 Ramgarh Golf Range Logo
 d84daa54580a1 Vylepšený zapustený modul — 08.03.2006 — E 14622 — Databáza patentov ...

* * *

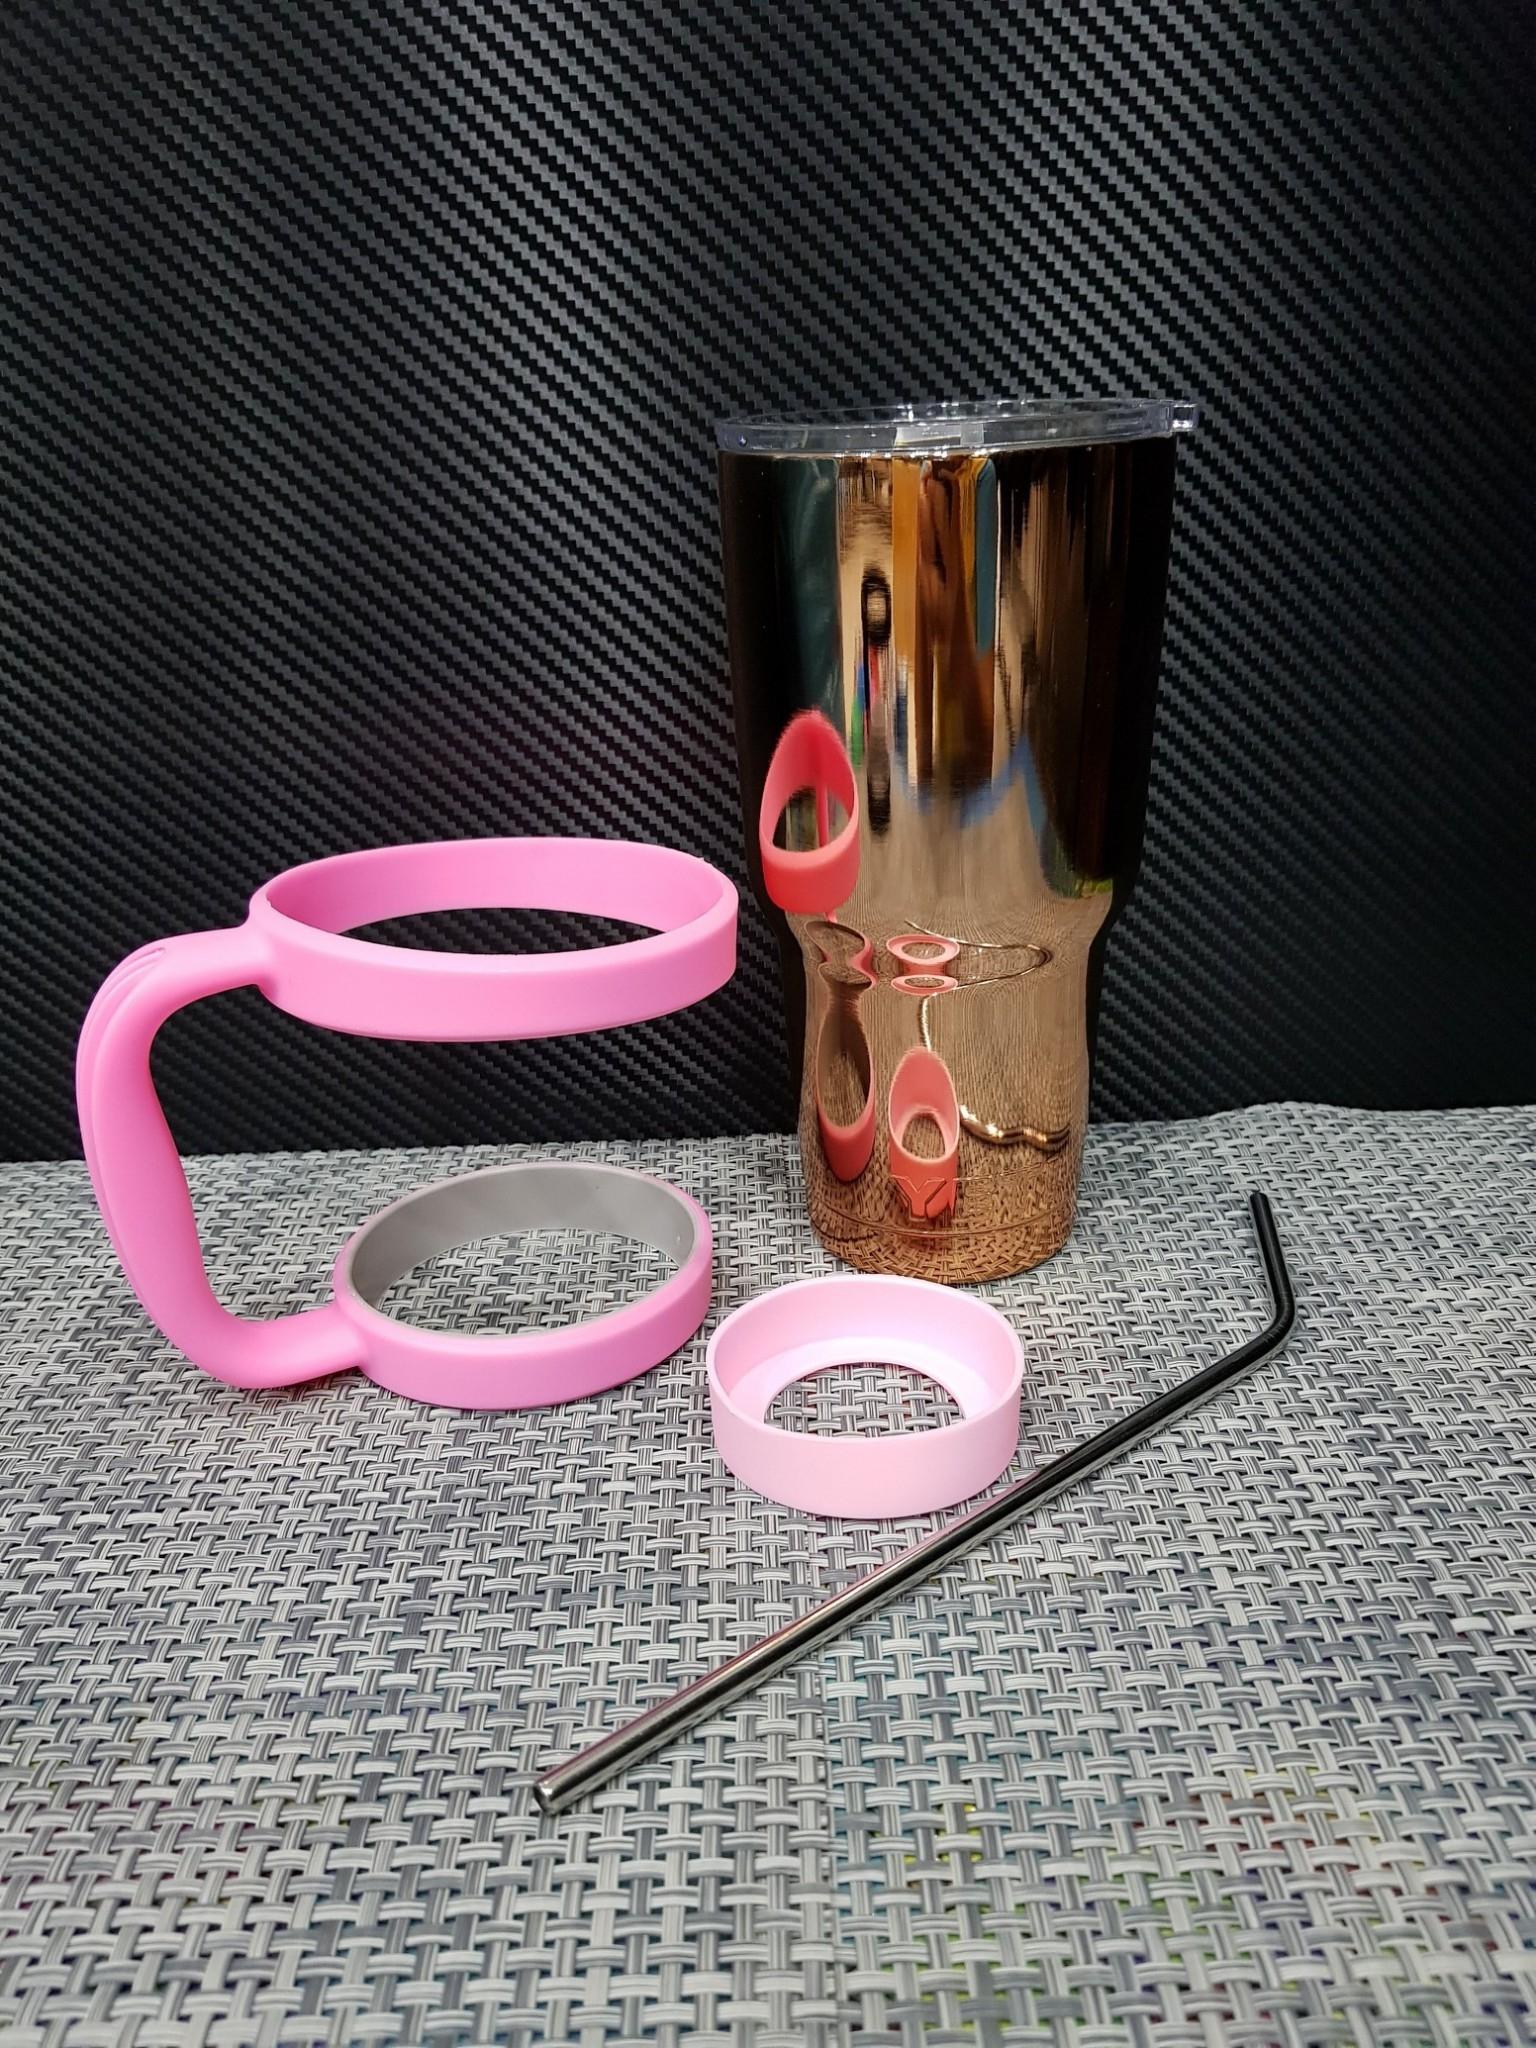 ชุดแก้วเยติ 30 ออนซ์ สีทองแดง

> **Problem description**: Among the records above, only the lines between the line holding "Ramgarh Golf Range Logo" and the line holding "d84daa54580a1 Vylepšený zapustený", inclusive, are to be output, exactly as written.

> **Exercise output**:
 Ramgarh Golf Range Logo
 d84daa54580a1 Vylepšený zapustený modul — 08.03.2006 — E 14622 — Databáza patentov ...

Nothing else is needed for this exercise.